Мимо прошел Шабунин, и Слава уловил взгляд Вейнберга, и было в этом
взгляде столько пронзительной ненависти, что заболей Шабунин, Слава не
посоветовал бы ему обращаться к Вейнбергу за пилюлями или порошками.
12
Ох уж этот самосад! Дымят, дымят... Точно паровозы. Ну какие в деревне
паровозы? Дым над каждым, как из самоварной трубы...
- Попробуй моего...
- А твой крепче?
Коммунистов Быстров собрал в исполкоме:
- Будем гадать да прикидывать...
Солнце прогревает землю, весна набирает силу.

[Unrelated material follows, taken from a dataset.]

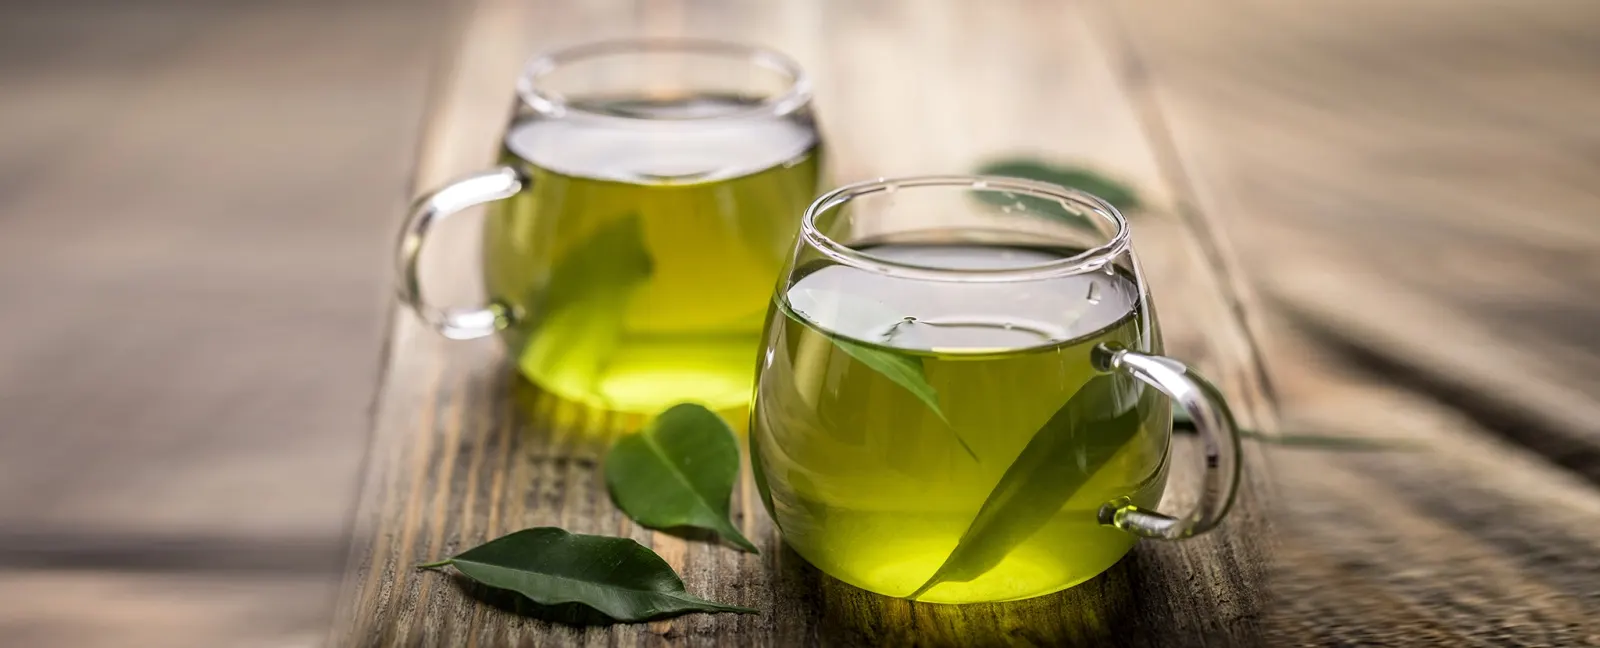 Explore Green Tea Benefits, Recipes and FAQS

Всем понятно: разговор о севе, пора сеять, не пройдет и недели, как
нужно выходить в поле.
Данилочкин тяжело вздыхает.
- А как сеяться? - спрашивает Быстров.
Голодновато живут в волости. Хлеб пекут пополам с лебедой. Горький, но
все же хлеб. У кого побольше достаток, кто сумел похитрее упрятать зерно, те
замешивают в тесто картошку, такой хлеб много вкуснее. Есть, конечно, и
такие, кто ест чистый хлебушек, но таких немного, и тот чистый хлеб едят
украдкой, чтобы не заметили соседи.
Нагрянет власть, и тот же Быстров, тот же Данилочкин начнут шарить по
погребам, по чердакам, по бабьим даже сундукам: где рожь? где рожь? Мужик
крестится, божится: да нигде, да нисколько бабы в плач, в крик, а найдется
рожь - креста на вас нету, что дети исть будут?

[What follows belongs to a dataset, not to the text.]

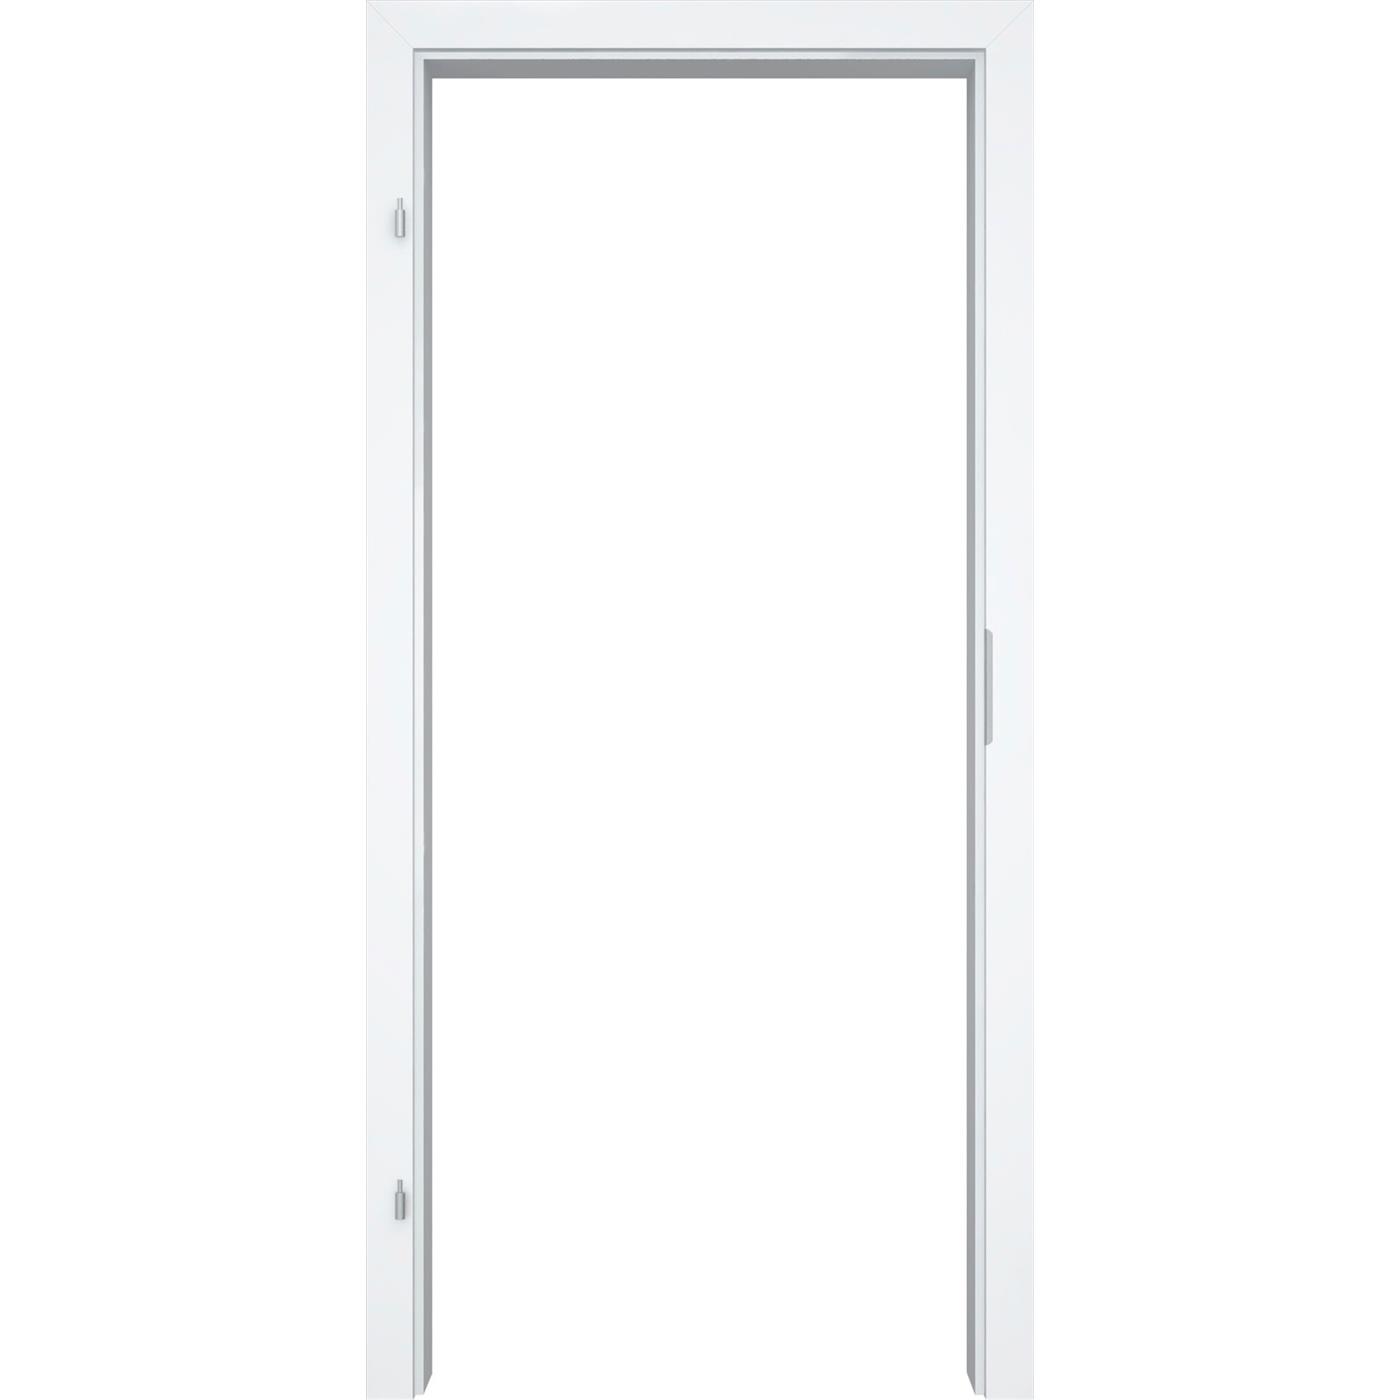 Türzarge für Glatte Türen Weißlack 3.0 DK70 Designkante 70 mm DIN

Быстров был безжалостен, с налета появлялся в деревнях, перелопачивал и
полову и солому, находил зерно там, куда никто, кроме него, и не подумал бы
заглянуть, все сметал подчистую и гнал подводы на мельницу или на станцию.

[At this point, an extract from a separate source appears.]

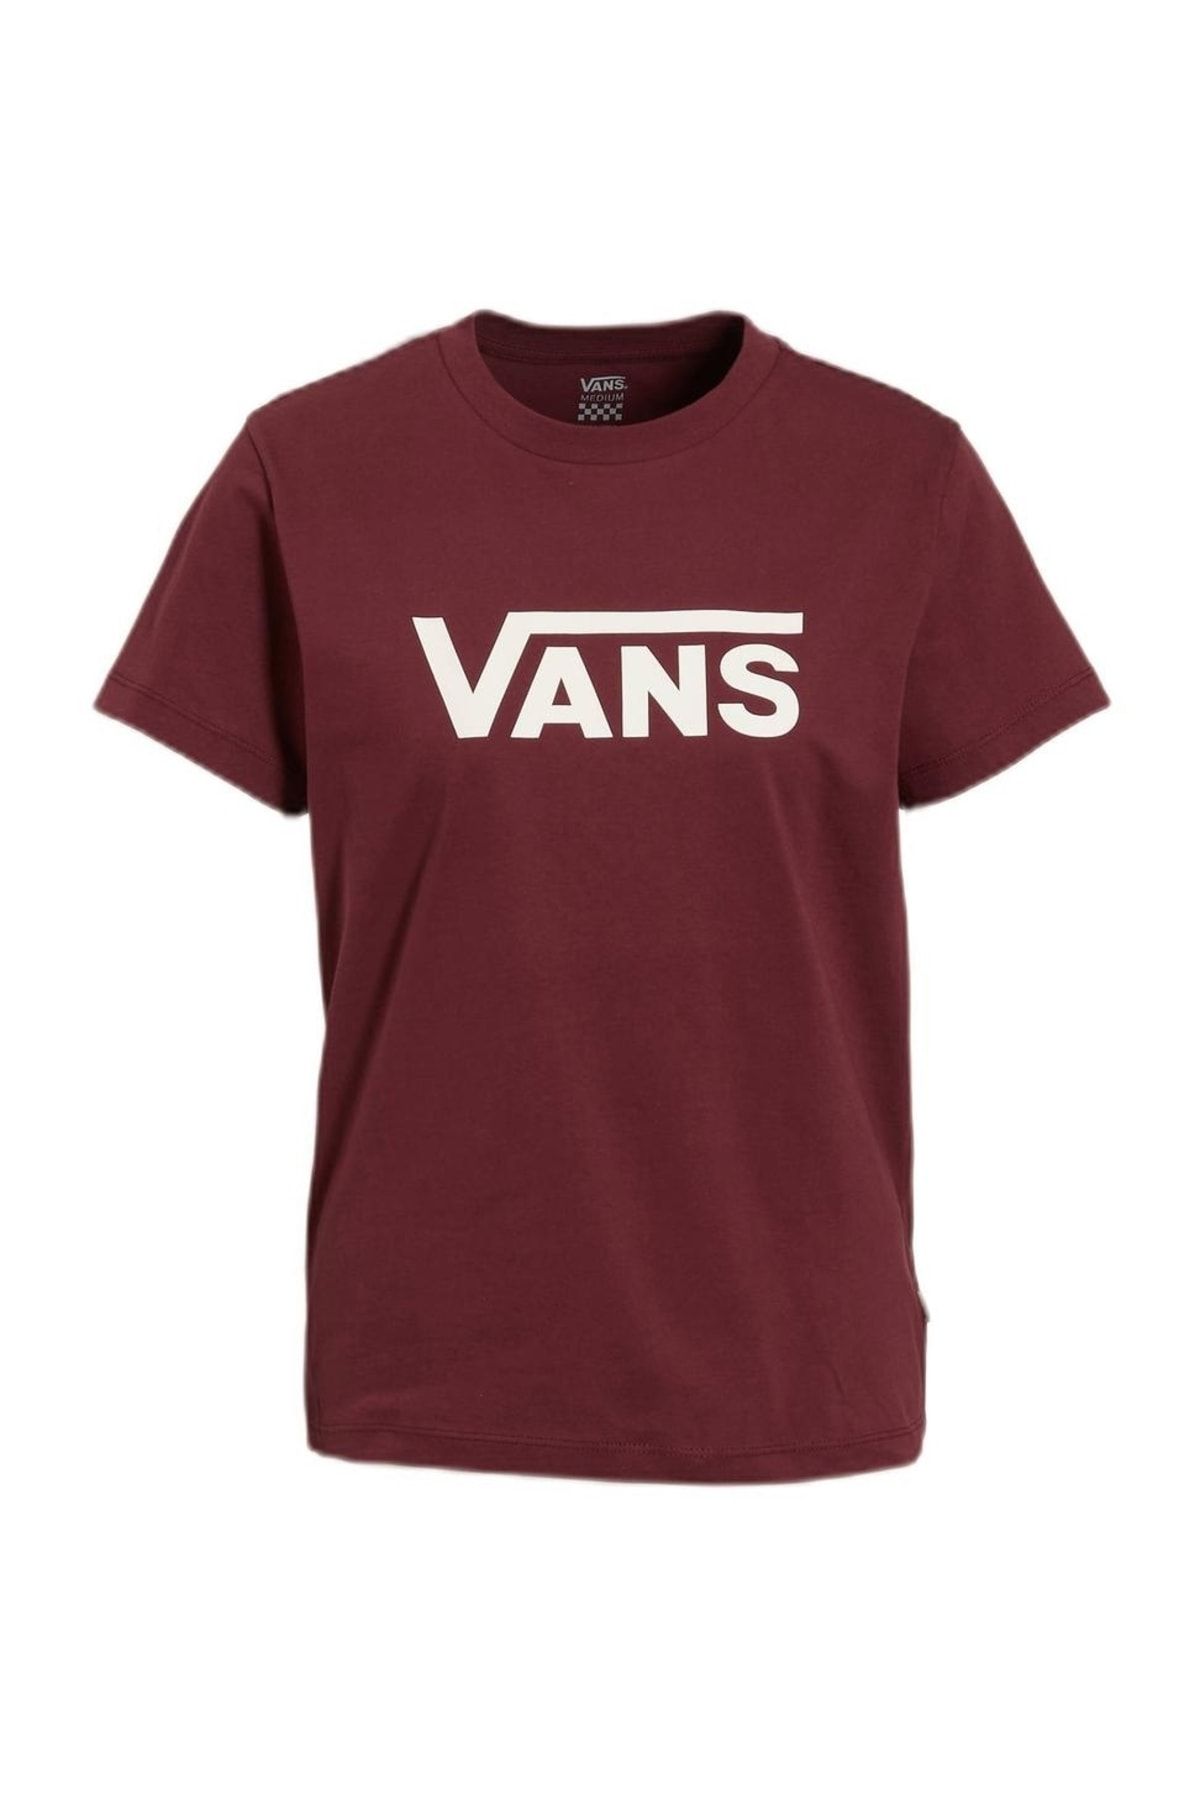 تی شرت قرمز یقه گرد طرح چاپی مدل ساده آستین کوتاه مردانه ونس Vans (برند آمریکا)

Он хорошо понимал, как важно поддержать рабочий класс... Диктатура
пролетариата! Продотряды редко появлялись в Успенской волости, и в
Малоархангельске, и в Орле знали, что не из страха перед начальством
выметает Быстров хлеб из своих деревень, что движет им идея, хоть и
ненавистен он становится мужикам.
Однако незадолго до весны Быстров отступил от своих правил, и не ради
измены делу, которому служил, а именно ради дела недальновидным начальникам
казалось - надо накормить город сегодня, а завтра хоть трава не расти, но
Быстров понимал: хлеб нужен и сегодня, и завтра, и послезавтра, нас не
будет, а хлеб все равно будет нужен.
Вот он и пошел на нарушение: зерно искал и находил, но никуда не
отправлял, а ссыпал в каменные амбары, что покрепче, запирал не на один
замок, походя пугая председателей сельсоветов: "Бережешь не хлеб - свою
жизнь, не убережешь, едрена палка, прощайся с семьей, осиротишь детей, в
трибунал - и к стенке..."
И где бы ни был ссыпан хлеб, нигде не украли ни зернышка, мужики
понимали: не для себя прячет Степан Кузьмич хлеб, если в город не
отправляет, значит, задумался о севе...
- Надо сеять, - властно сказал Быстров. - Кулаки как-нибудь вывернутся,
они похитрее нас, где-нибудь в логах так схоронили зерно, что ни одному
дьяволу не найти. Они его, не завозя домой, прямо из своих похоронок на
пашню высеют, а вот беднота подобралась, поели все, что могли, им придется
помочь.
- Да ведь на сельсоветы плоха надежда, - усмехнулся Данилочкин. - Зерно
они до поры до времени схоронили, а как собьют замки да примутся делить,
уплывет половина на сторону.
- А я о чем? - Быстров согласно кивнул. - По всем деревням разошлем
наших партийных товарищей. Пошлем уполномоченных. Вот списочек... - достал
из своей коленкоровой папки разлинованный листок, на котором рукой Дмитрия
Фомича написаны фамилии. - Приехать, проверить списки домохозяев, проверить,
у кого какой надел собрать комбед, составить списки бедноты послушать
народ, прикинуть, кому сколько, да предупредить, чтобы не вздумали в
квашню...
Он стал называть фамилии уполномоченных:
- Данилочкин - Каменка, Еремеев - Журавец...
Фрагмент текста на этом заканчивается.